CCL: W:Computational drug design blues
- From: "Phil Hultin" <hultin=-=cc.umanitoba.ca>
- Subject: CCL: W:Computational drug design blues
- Date: Wed, 14 Sep 2005 09:40:53 -0500
Sent to CCL by: "Phil Hultin" [hultin=-=cc.umanitoba.ca]
This question about the synthetic feasibility of a computationally-selected
drug candidate is a very good one, but unfortunately there is not a nice
simple answer.
To decide whether a structure is synthetically accessible, the only way that
I can think of is to actually know organic chemistry. It is usually pretty
straightforward to identify things that are "hard" to make based on
relatively elementary knowledge of reactions. It is NOT straightforward to
decide whether something is "easy" to make, however - at least not for
molecules of any complexity.
I would suggest that any computational drug designer should consider a
refresher course in organic chemistry, followed by a basic introduction to
the design of organic syntheses such as Stuart Warren's book "Organic
Synthesis: the disconnection approach".
In a computation, we generally believe that things are deterministic and
thus that a single result (within round-off error) should be obtained from a
fixed starting point. In synthesis, there is no single answer to the
question of how to synthesize a given target. Moreover, the number of
permutations grows exponentially (at least) as the size of the target grows.

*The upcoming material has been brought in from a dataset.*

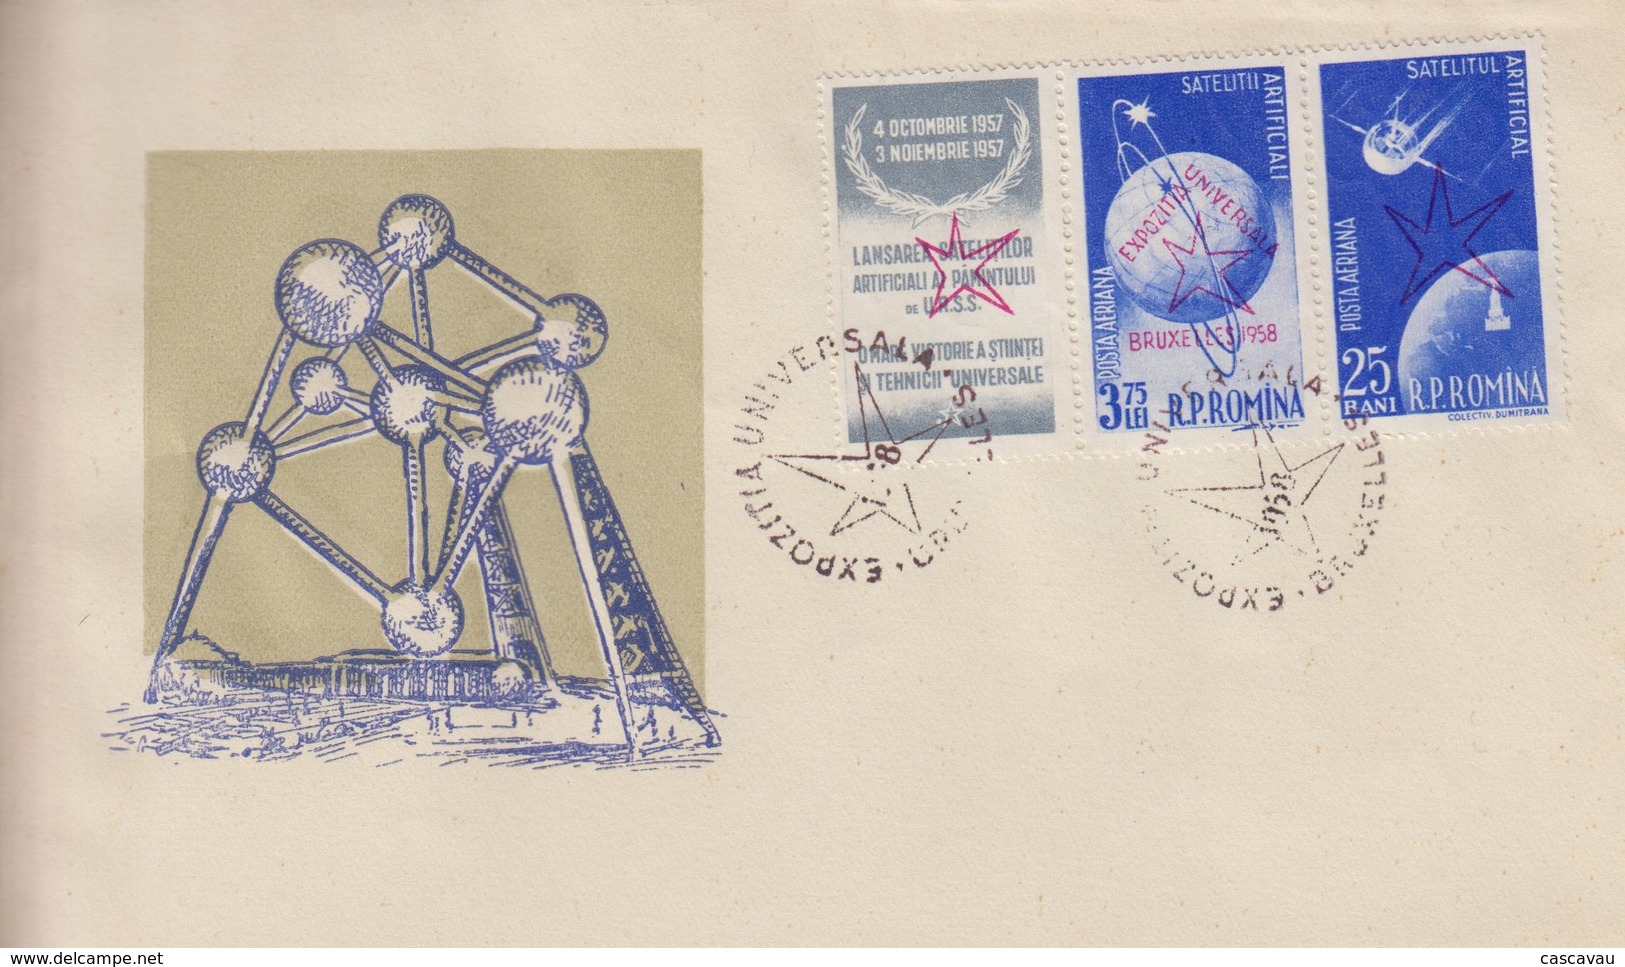 Enveloppe  FDC  1er Jour   ROUMANIE     Exposition  Universelle  BRUXELLES   1958 - 1958 – Brüssel (Belgien)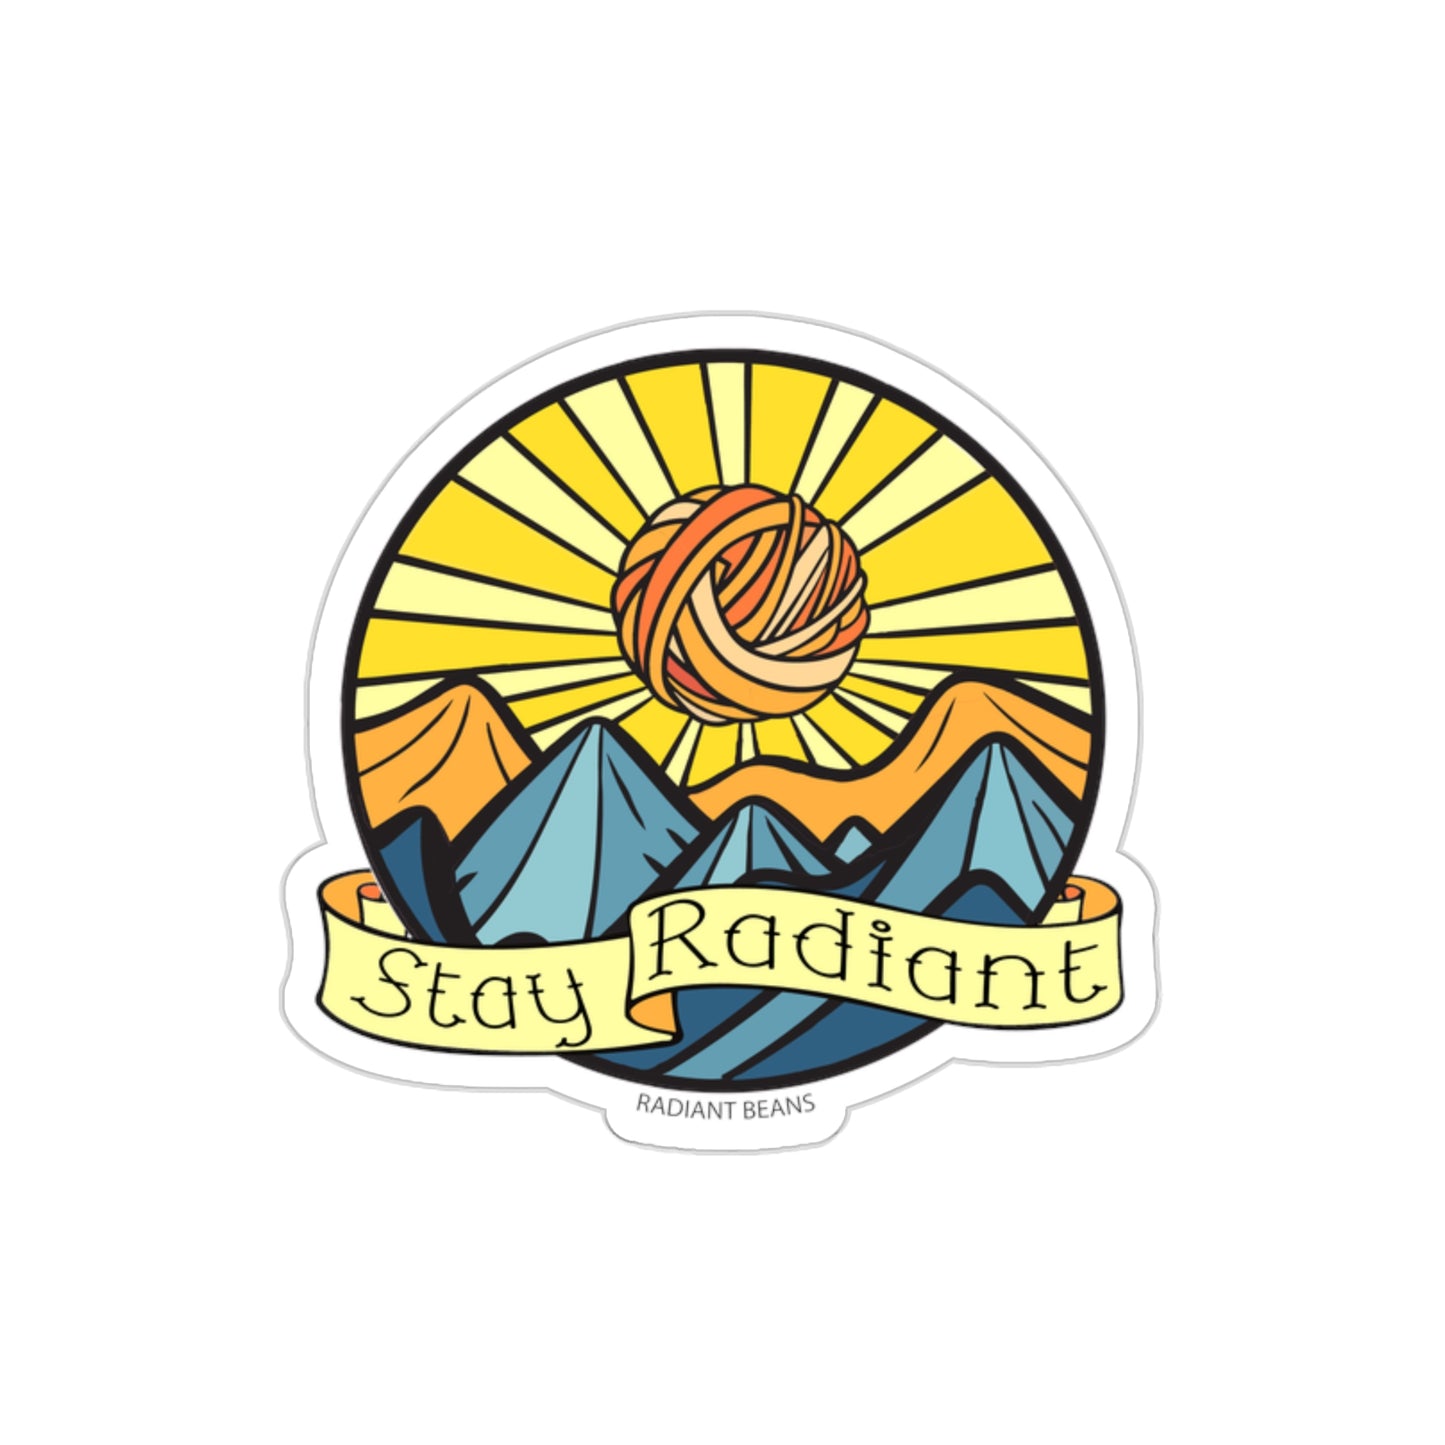 Stay Radiant - Vinyl Sticker

Thus, there is a qualitative element to determining whether something is
feasible or not.
Of course, I am quite aware that there is a qualitative and creative element
to computational chemistry too and I do not mean to put down computational
people in any way, or to set organickers up on a pedestal.
Dr. Philip G. Hultin
Associate Professor of Chemistry,
University of Manitoba
Winnipeg, MB
R3T 2N2
hultin=-=cc.umanitoba.ca
http://umanitoba.ca/chemistry/people/hultin
-----Original Message-----
> From: owner-chemistry=-=ccl.net [mailto:owner-chemistry=-=ccl.net]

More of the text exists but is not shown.